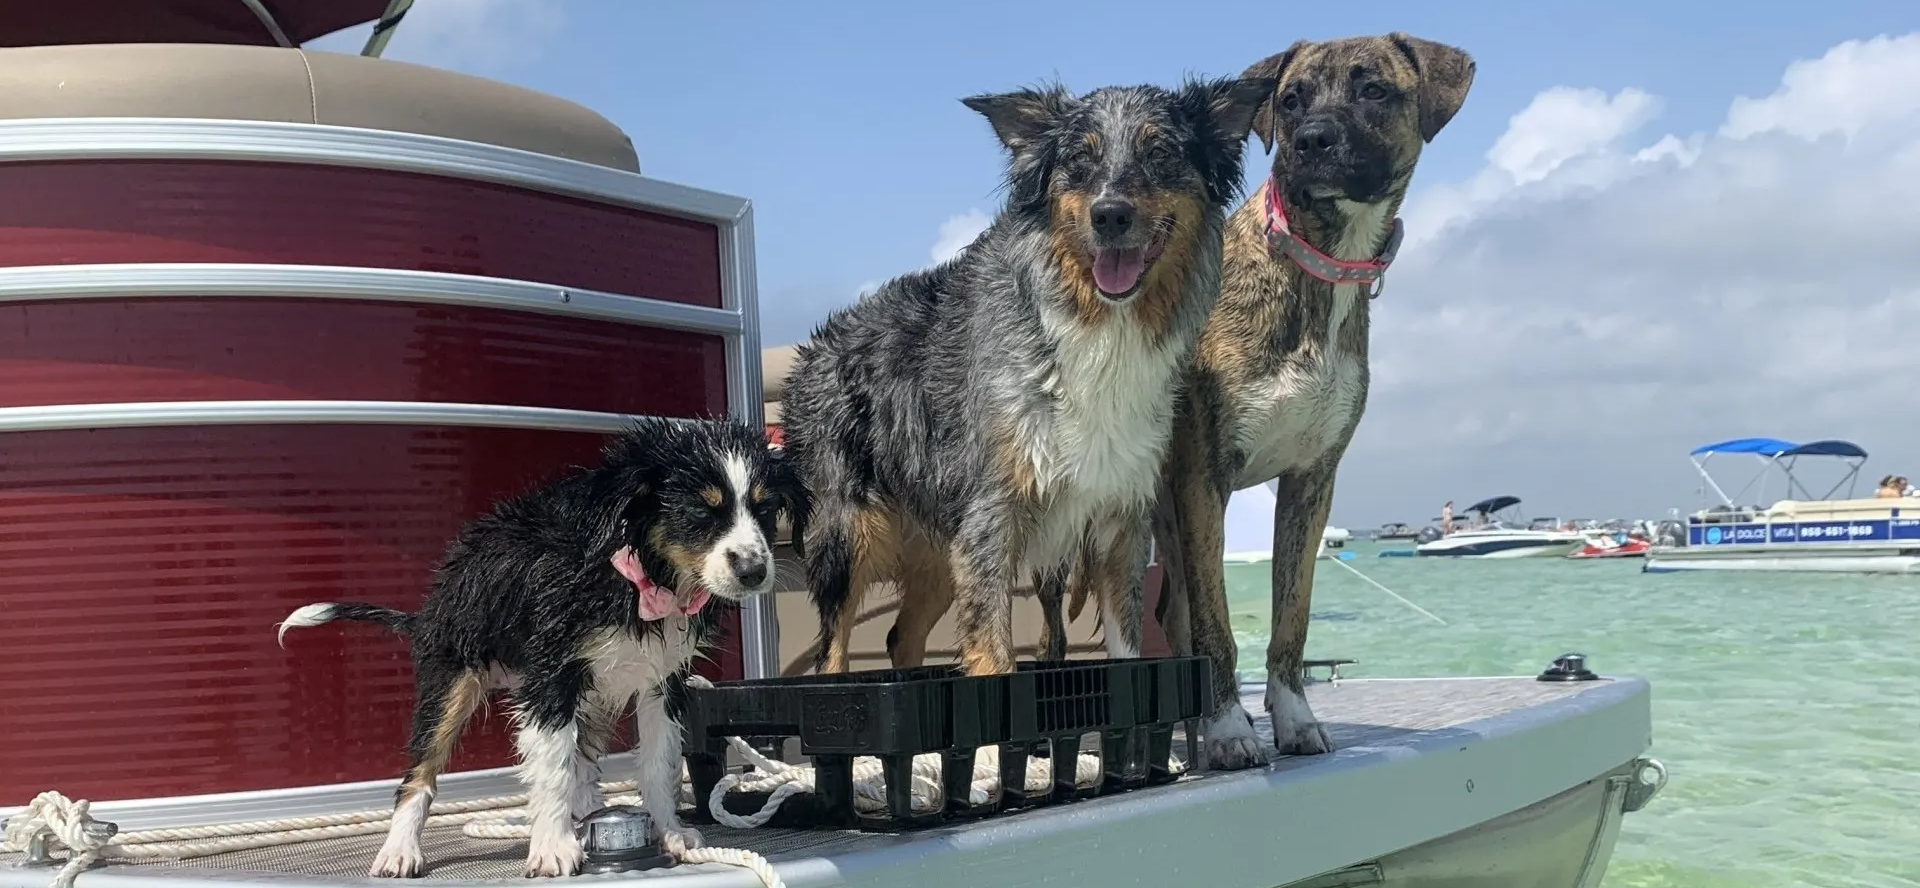 3 wet dogs standing at the back of a pontoon boat
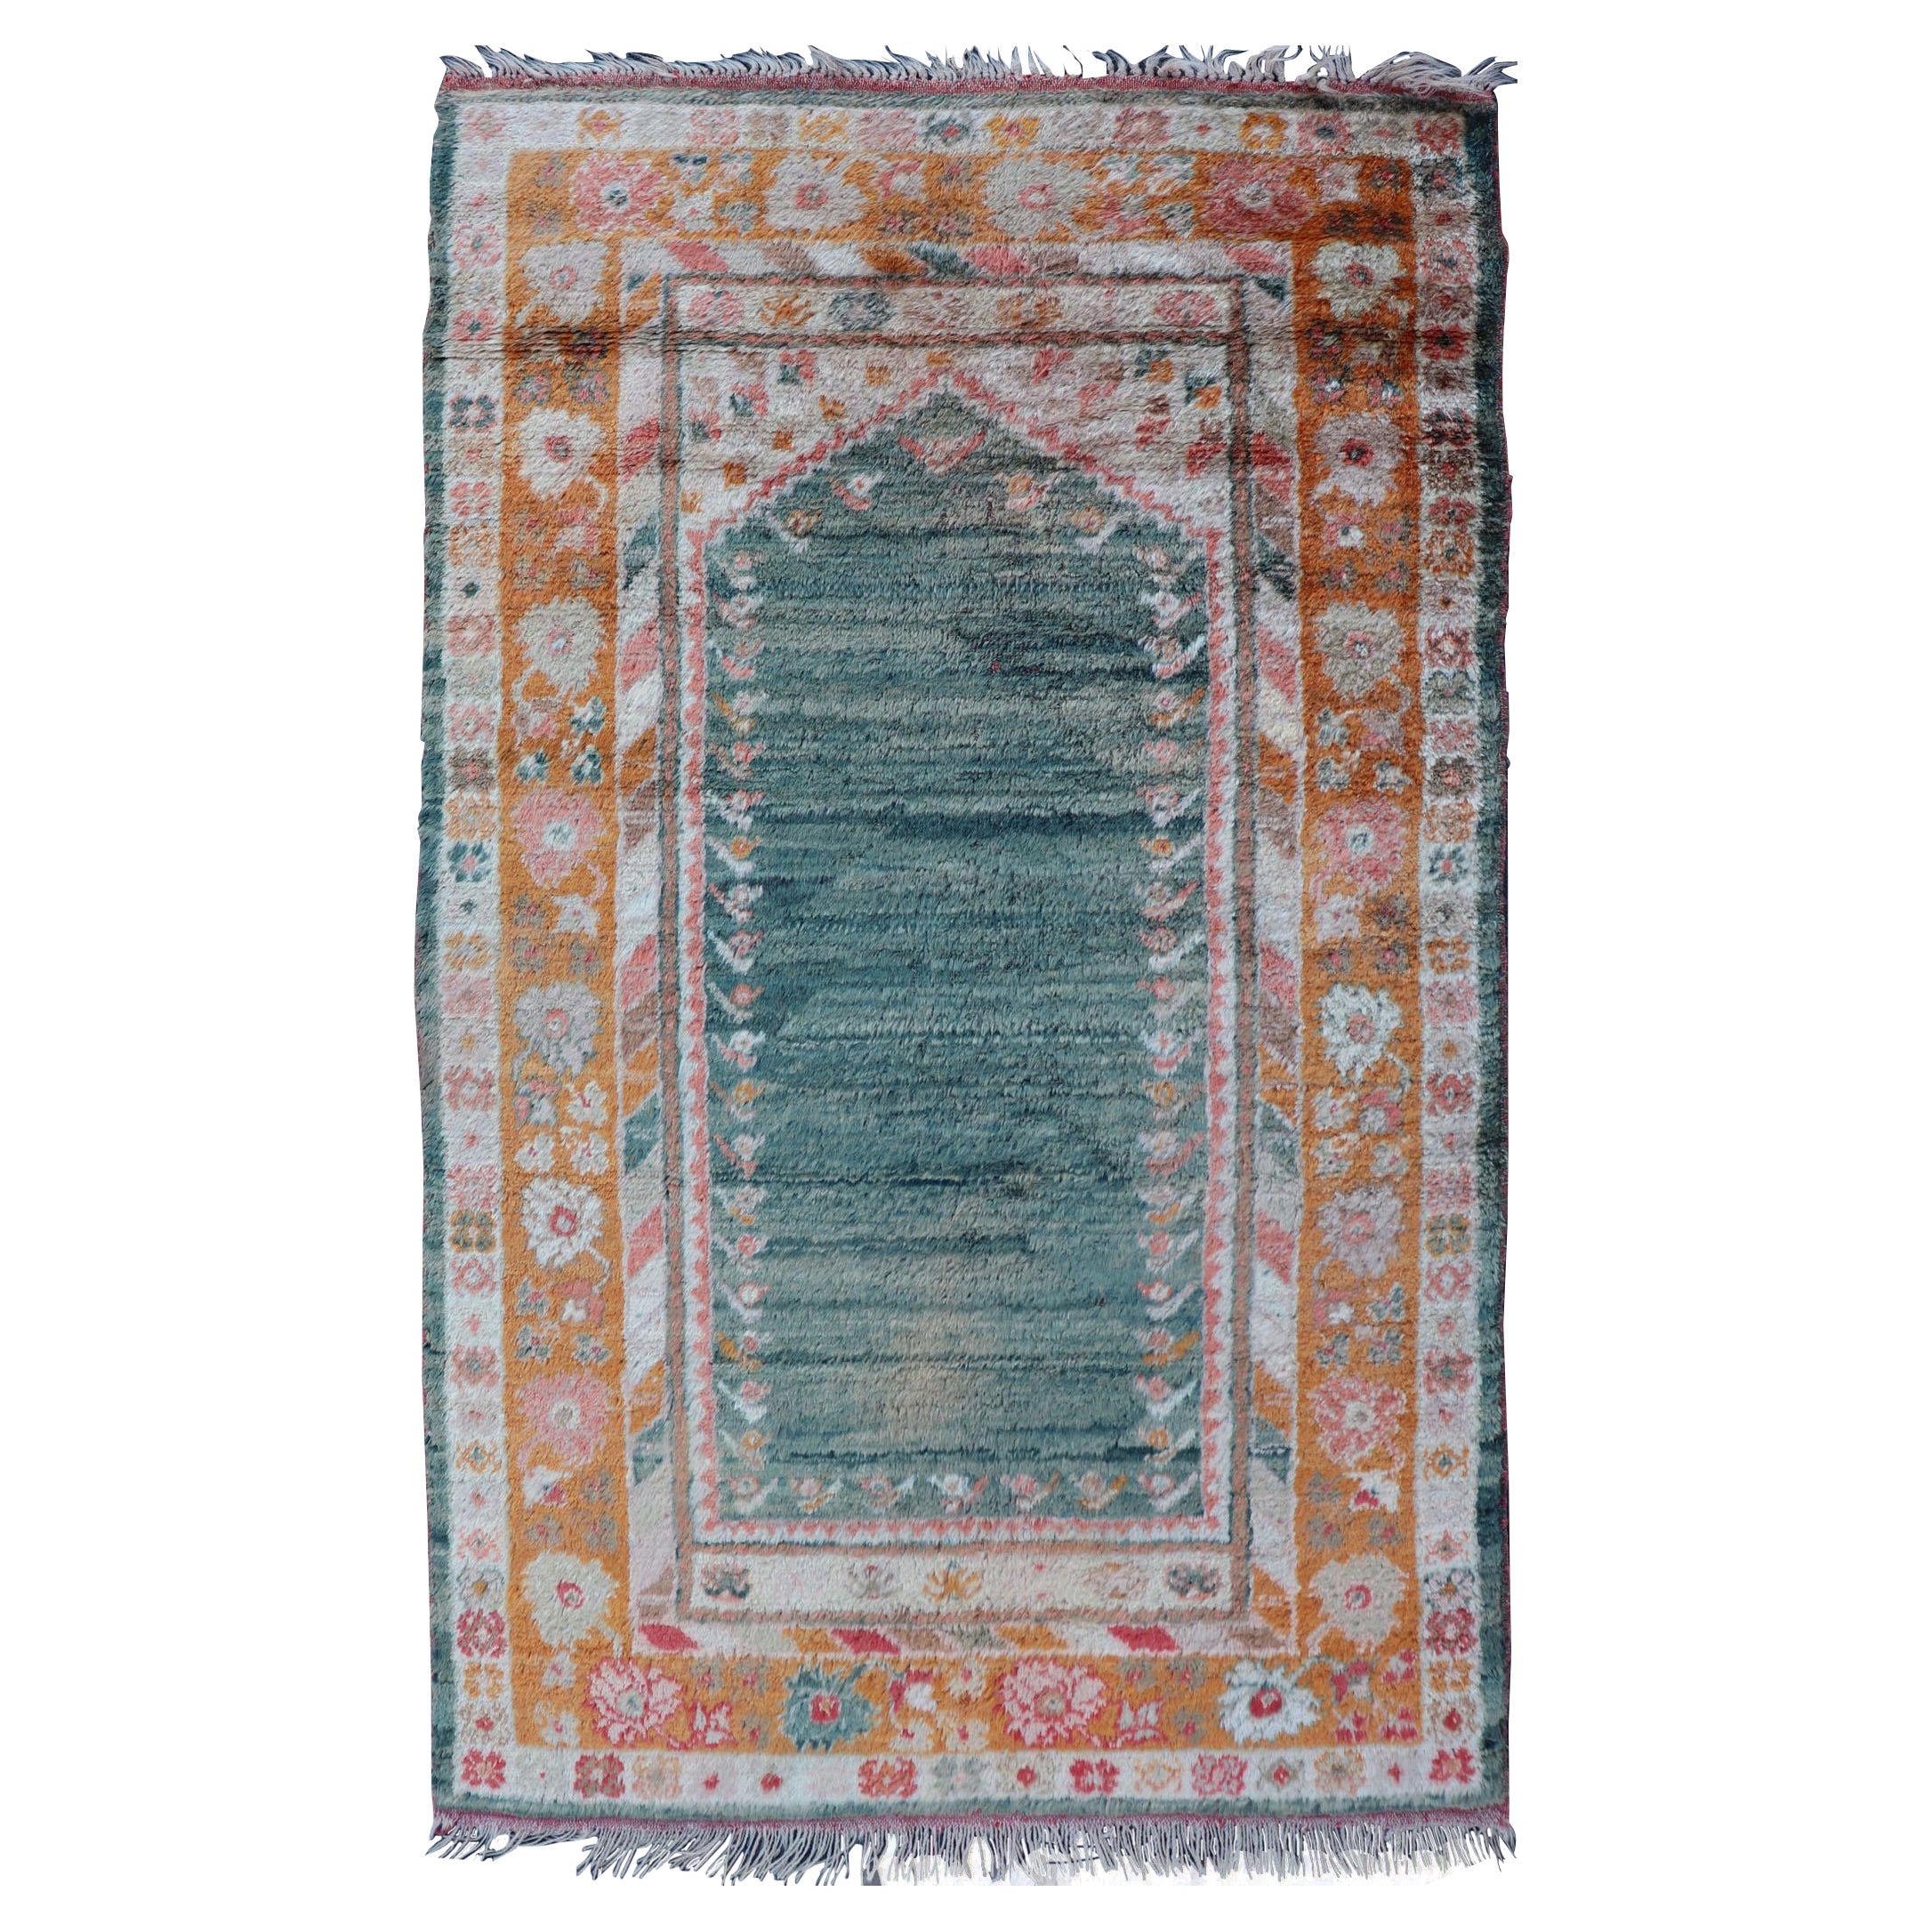 Antique Angora Oushak Rug with Solid Background in Teal, Blue, Orange Colors
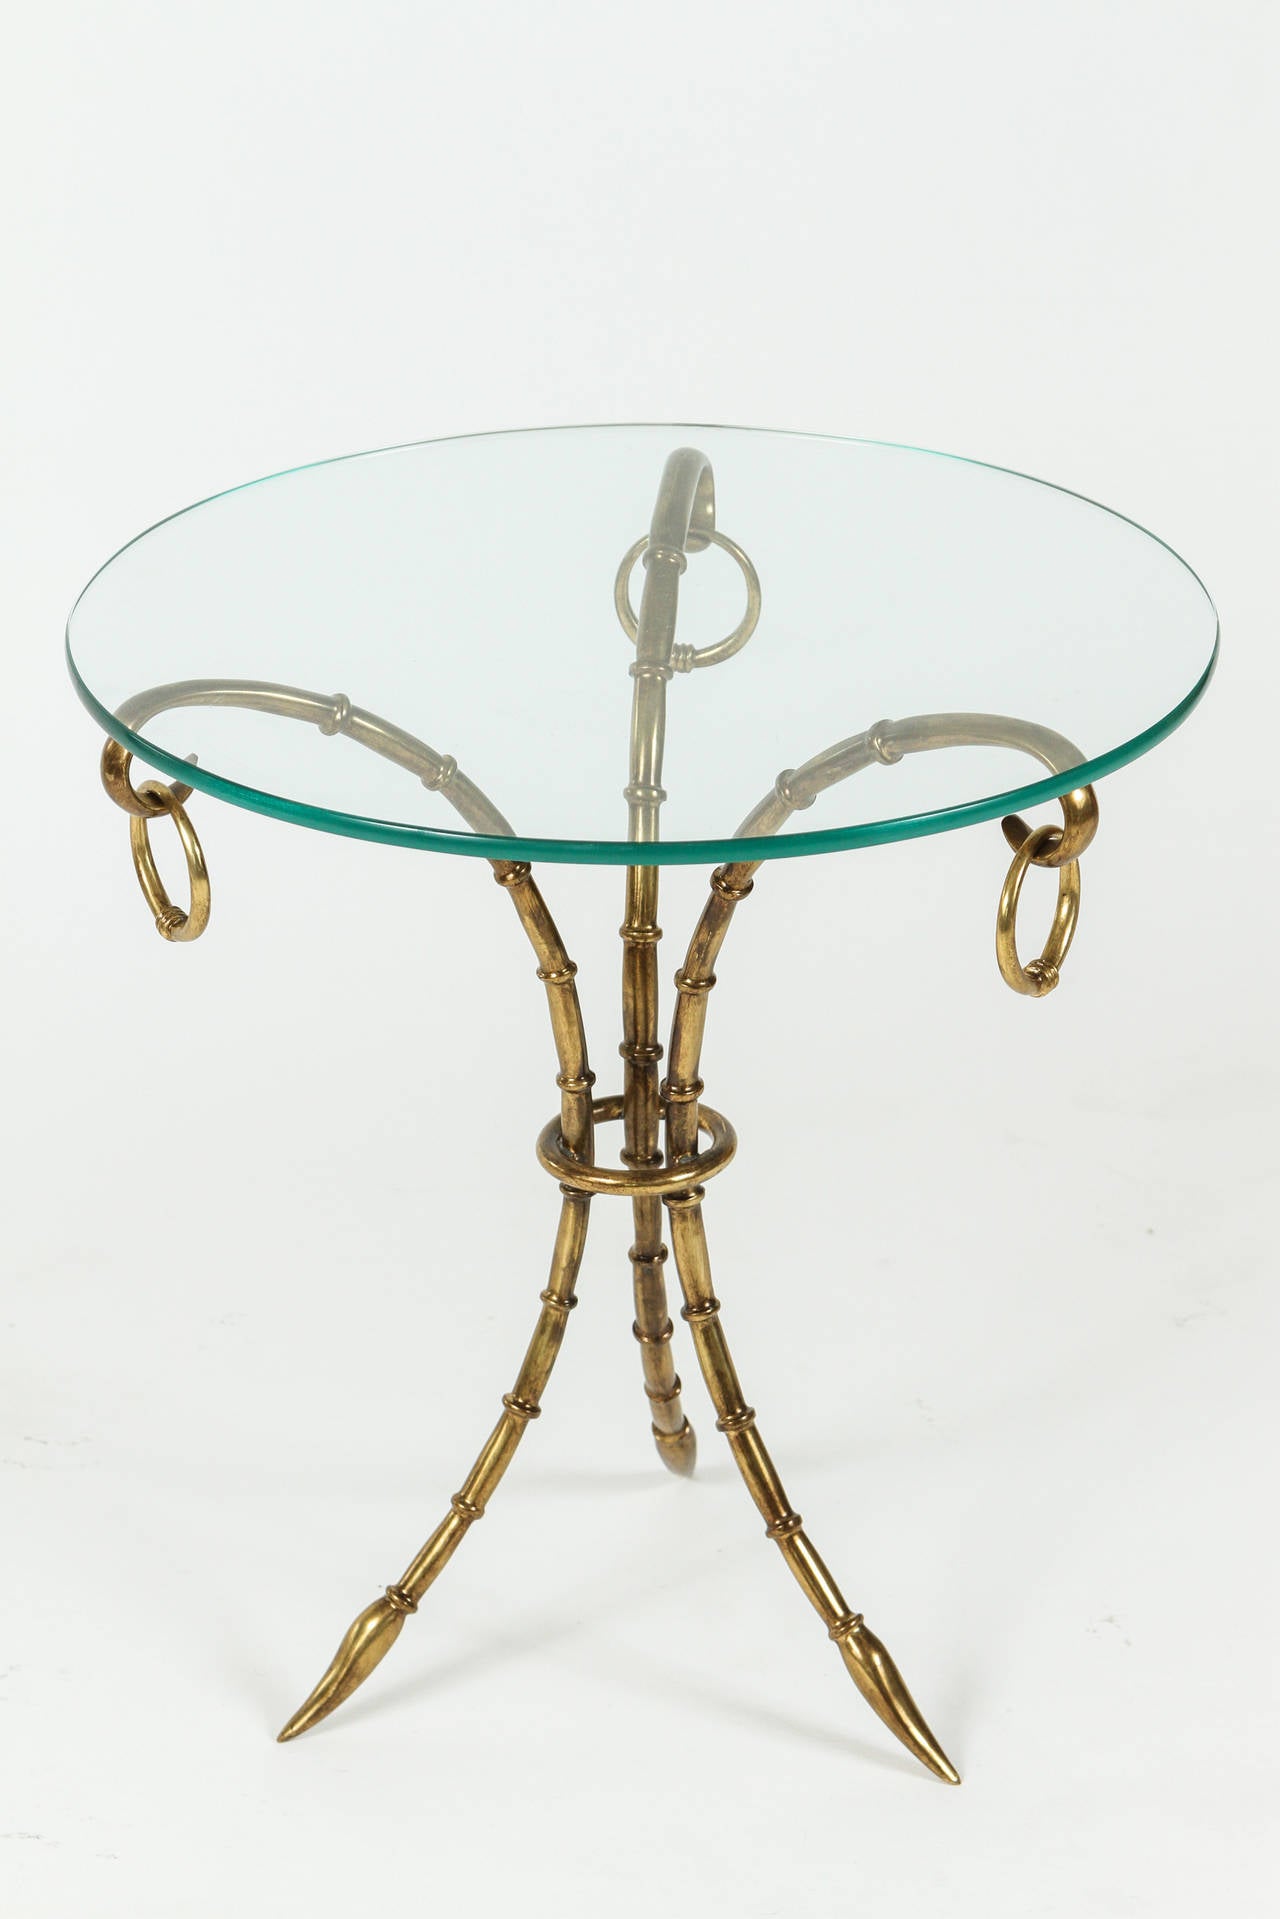 Lovely little side table with a stylized

#### What is expected
The expected answer is the whole listing above, copied exactly, with images excluded.

#### Response box
 3 wet dogs standing at the back of a pontoon boat
 Antique Angora Oushak Rug with Solid Background in Teal, Blue, Orange Colors
 Lovely little side table with a stylized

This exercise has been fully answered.